In the past, commercial carriers have relied heavily on motor vehicle records (MVR) as the sole source of individual driver information for predicting commercial auto risk. However, MVRs alone cannot provide the insights carriers need for effective risk assessment. Now, carriers have at their fingertips a robust set of new data and analytics capabilities to layer on top of MVRs to get to the bottom of risk propensity at the individual driver level.
LexisNexis® C.L.U.E®. Commercial and LexisNexis® AttractSM for Commercial Auto Underwriting, in combination with telematics analytics solutions, show great promise in helping carriers get control over escalating loss ratios and drive greater profitability. It’s all about knowing your drivers.
In my previous post, I detailed how each of these three tools can help you better understand risk at the individual level. Now I’d like to share some scenarios so you can visualize the difference these tools could make to your business.
Putting it all together
Imagine one of your commercial auto clients has two drivers—Joe A and Joe B. You run MVR reports on both drivers. Joe A comes back clean. Joe B has a couple of moving violations. Based on this information, you assign Joe A a $500 premium and Joe B a $1,000 premium. If this is all the information you have at hand, the process is over.
But say you’ve decided to get to know your drivers, and you apply the tools we’ve talked about earlier. You run a C.L.U.E. Commercial driver search on both drivers. It turns out Joe A has a $70,000 loss with a prior employer. Joe B has a clean record. You make a premium adjustment for Joe A, as he’s starting to look a little risky, but you leave Joe B as he is.

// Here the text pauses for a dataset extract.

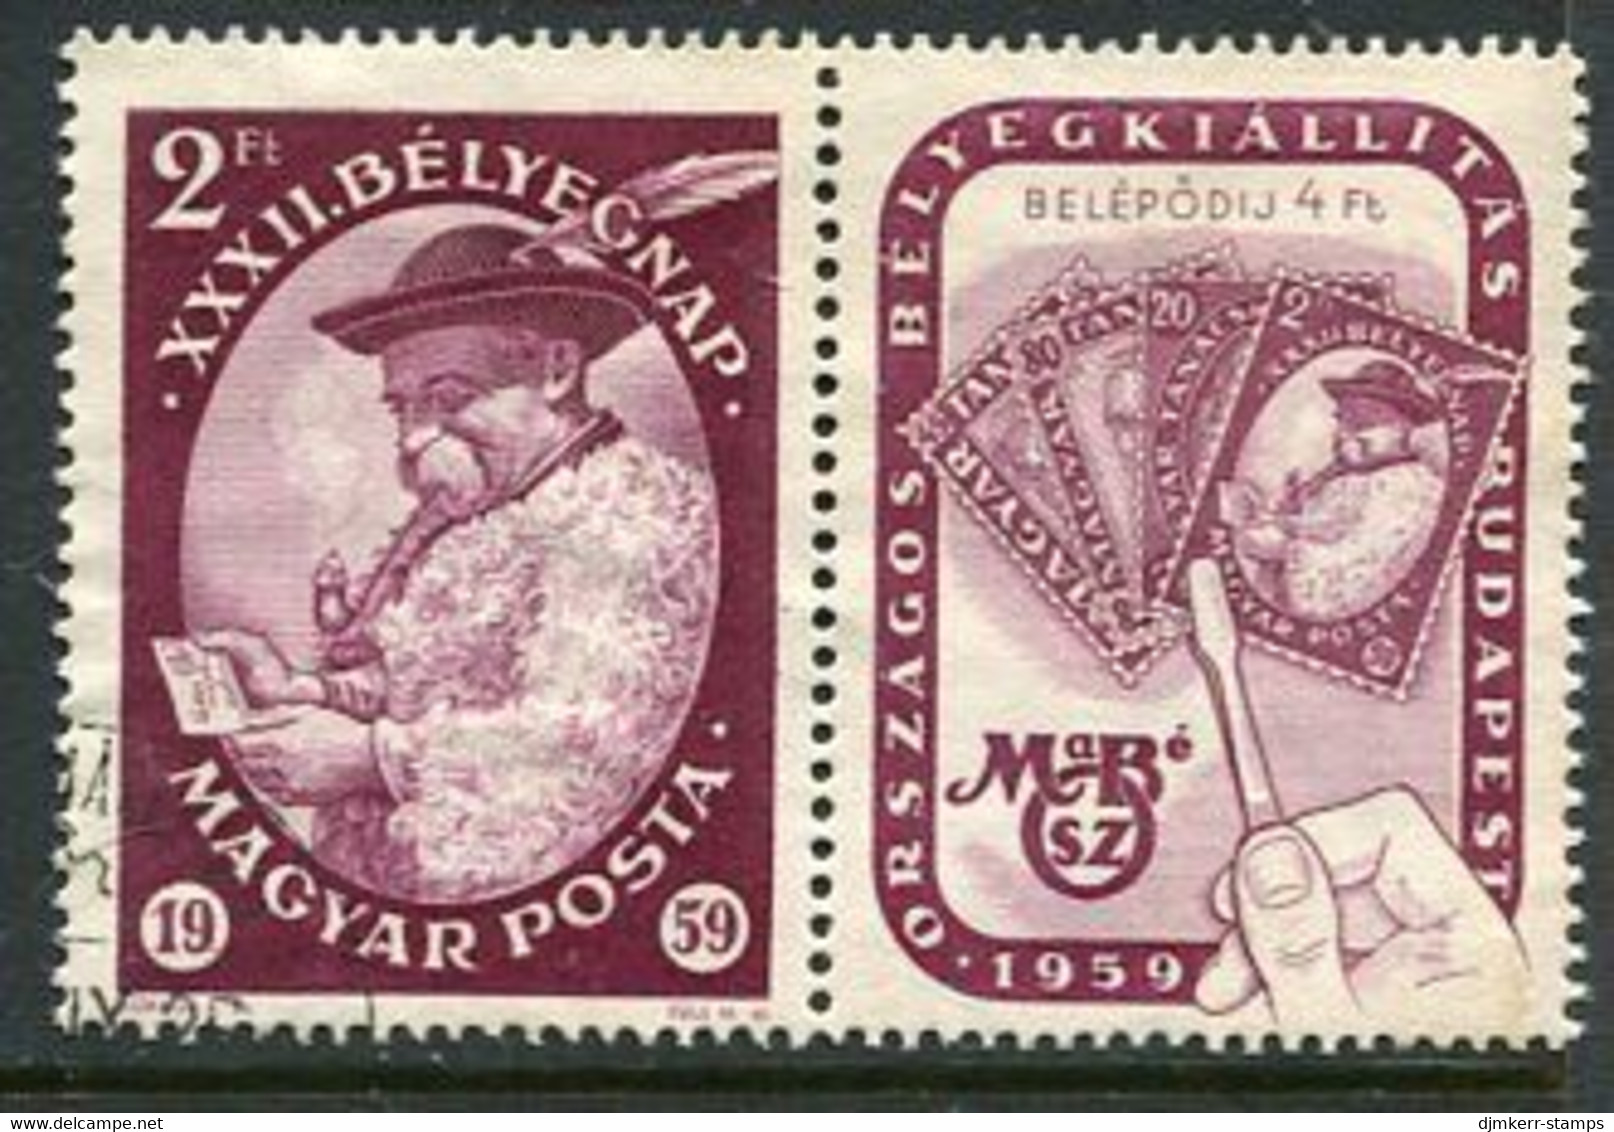 HUNGARY 1959 Stamp Day Used.  Michel; 1627 - Gebruikt

Next, you run both drivers through the Attract for Commercial Auto Underwriting model and receive driver scores for each of them. Based on the expanded data the model has access to, Joe A turns in a low score—indicating a high propensity for loss. Joe B turns in a high score, putting him low on the loss propensity scale. Even though he has a couple of dings on his MVR, all other indications are that he is now the less risky of the two, with a low likelihood of precipitating a claim.

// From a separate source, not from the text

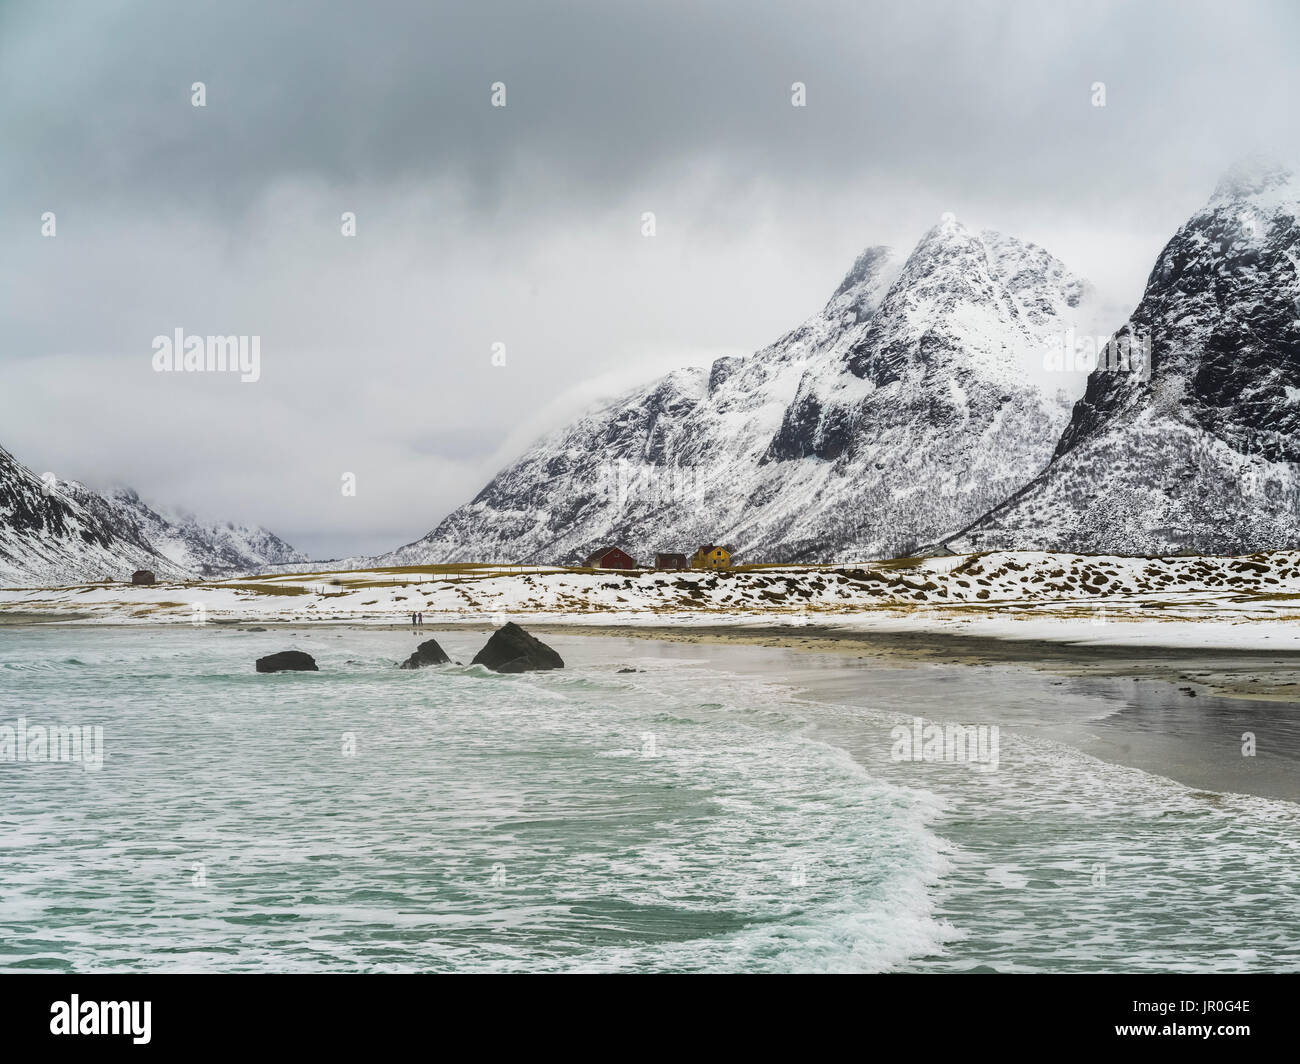 Paysage de la côte et des montagnes couvertes de neige, sous un ciel nuageux ; îles Lofoten, Nordland, Norvège Banque D'Images

Based on these deeper insights, you decide to restructure the premiums—assigning a $1,500 premium to Joe A and sticking with the $800 premium for Joe B. Quite a different picture from your original one.
Telematics would add additional real-time information about ongoing driver behavior, allowing you to keep a pulse on these drivers and make premium adjustments accordingly.
Now that you can see how these data assets provide a much more insightful view into individual drivers, you’re free to identify where the gaps are in your book of business and determine how you can best integrate one or more of these capabilities into your product framework to deliver improved business results. Knowing your drivers is your first step to reducing loss ratio and boosting your bottom line.